Harway Terrace, Inc. v Shlivko
2023 NY Slip Op 05392 [220 AD3d 927]
October 25, 2023
Appellate Division, Second Department
Published by New York State Law Reporting Bureau pursuant to Judiciary Law § 431.
As corrected through Wednesday, December 6, 2023


[*1]
 Harway Terrace, Inc., et al., Appellants,
v
Nina Shlivko, Respondent, et al., Defendant.

Baker Greenspan & Bernstein, Bellmore, NY (Evan E. Richards of counsel), for appellants.

Shlivko Giancola LLC, New York, NY (Kenneth M. Giancola and Sam J. Shlivko of counsel), for respondent.

In an action, inter alia, to recover damages for defamation, the plaintiffs appeal from an order of the Supreme Court, Kings County (Lawrence Knipel, J.), dated May 10, 2021. The order, insofar as appealed from, denied that branch of the plaintiffs' motion which was for leave to renew their opposition to the prior motion of the defendant Nina Shlivko, inter alia, to quash certain subpoenas and the plaintiff's prior cross-motion to compel certain discovery, which had been determined in an order of the same court dated March 30, 2021.
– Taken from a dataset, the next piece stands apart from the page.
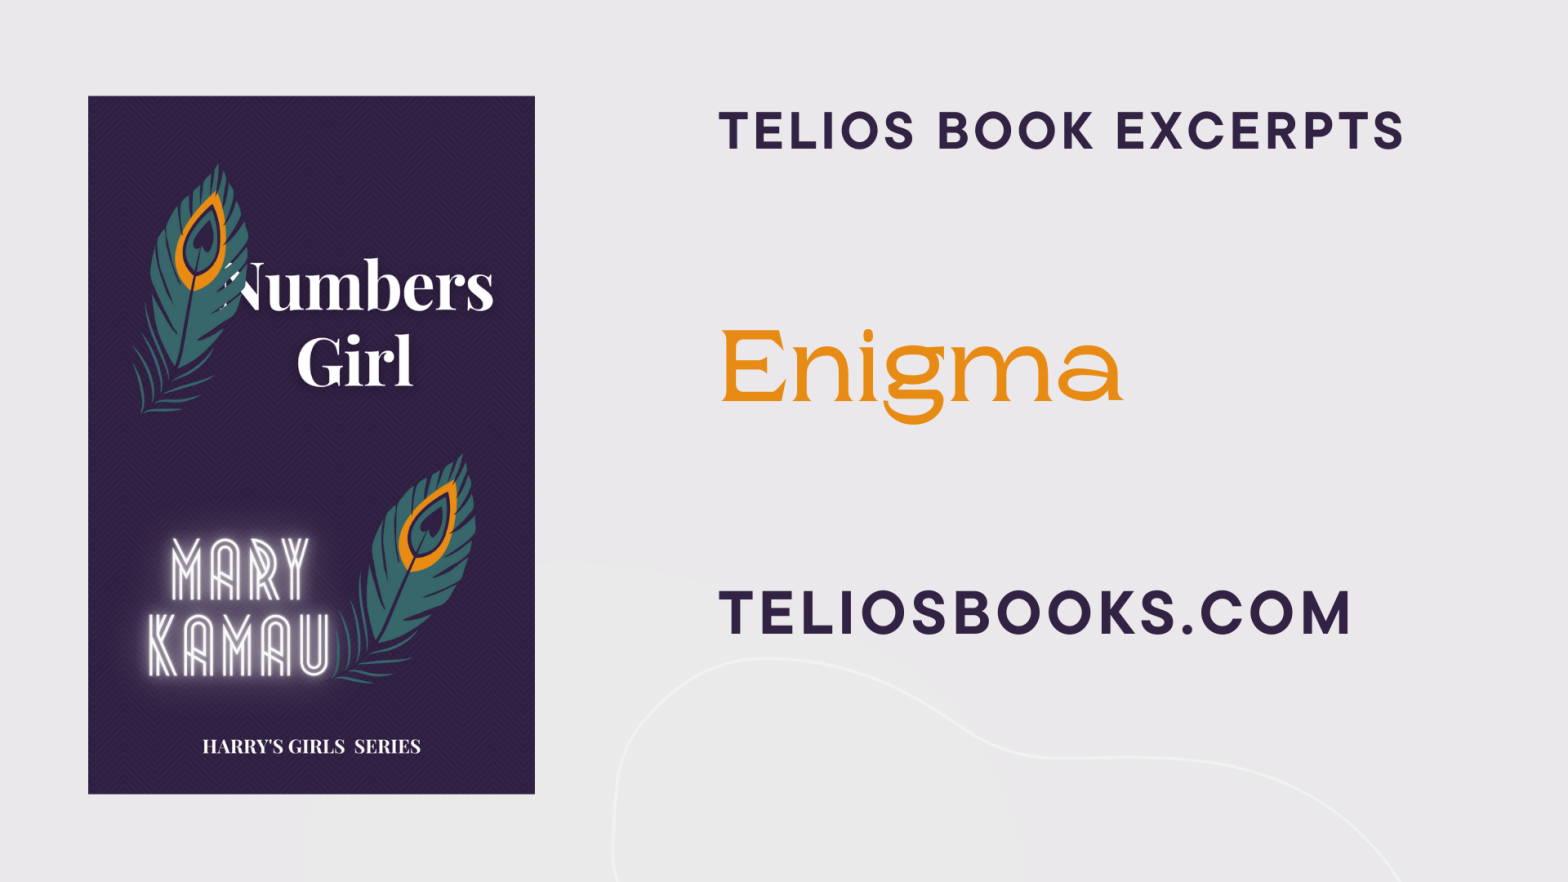 Enigma | Numbers Girl By Mary Kamau | Kenyan Books
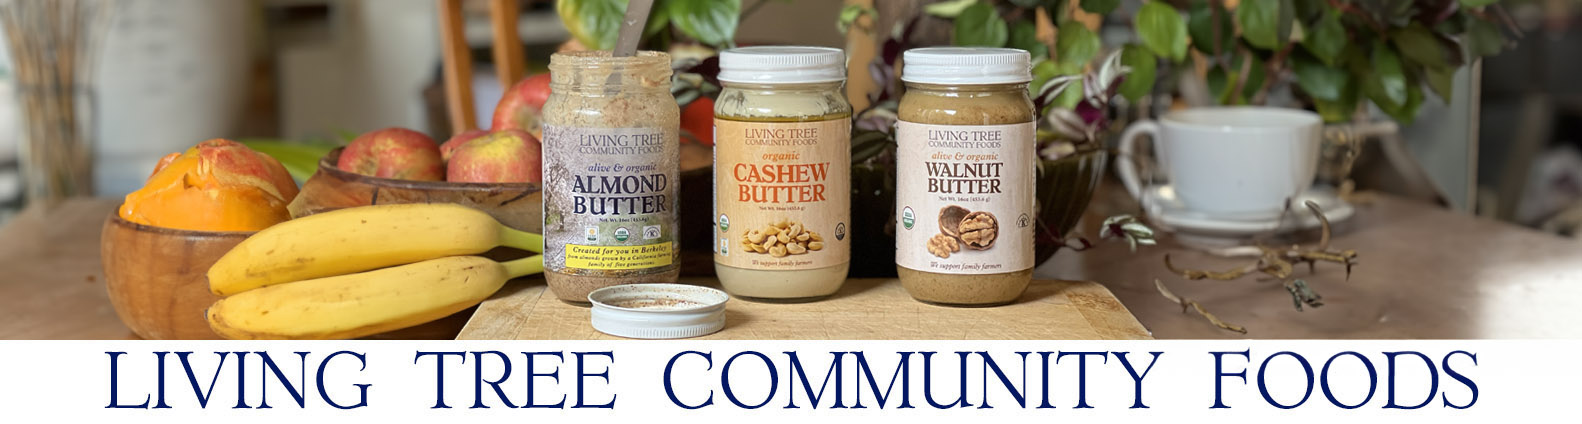 Nut Butter Newsletter Header

Ordered that the order dated May 10, 2021, is affirmed insofar as appealed from, with costs.

A motion for leave to renew "must be based upon 'new facts not offered on the prior motion,' or a change in the law, that would change the prior determination" (Wells Fargo Del. Trust Co., N.A. v De Los Santos, 186 AD3d 900, 901 [2020], quoting CPLR 2221 [e] [2]; see MTGLQ Invs., L.P. v Rebecca, 208 AD3d 869, 871 [2022]). "Although the requirement that a motion for renewal must be based on new facts is a flexible one . . . , a motion to renew is not a second chance freely given to parties who have not exercised due diligence in making their first factual presentation, and the Supreme Court lacks discretion to grant renewal where the moving party omits a reasonable justification for failing to present the new facts on the original motion" (Jovanovic v Jovanovic, 96 AD3d 1019, 1020 [2012] [citations omitted]; see Seegopaul v MTA Bus Co., 210 AD3d 715, 716 [2022]; Mooklal v Clermont Farm Corp., 187 AD3d 740, 741 [2020]). Moreover, " '[l]eave to renew is not warranted where the factual material adduced in connection with the subsequent motion is merely cumulative with respect to the factual material submitted in connection with the original motion' " (Deutsche Bank Natl. Trust Co. v Galloway, 214 AD3d 625, 626 [2023], quoting Ferraro Foods, Inc. v Guyon, Inc., 165 AD3d 628, 630 [2018]).

Here, the plaintiffs failed to present new facts or demonstrate a change in the law that would change the prior determination (see Board of Mgrs. of Van Wyck Glen Condominium v Van Wyck at Merritt Park Homeowners Assn., Inc., 211 AD3d 790, 791 [2022]; MTGLQ Invs., L.P. v Rebecca, 208 AD3d at 871). Furthermore, the plaintiffs failed to offer a reasonable justification for the failure to present the alleged new facts on the underlying motion and cross-motion (see Seegopaul v MTA [*2]Bus Co., 210 AD3d at 716). Accordingly, the Supreme Court properly denied that branch of the plaintiffs' motion which was for leave to renew.

The plaintiffs' remaining contentions need not be reached in light of our determination. Barros, J.P., Maltese, Dowling and Voutsinas, JJ., concur.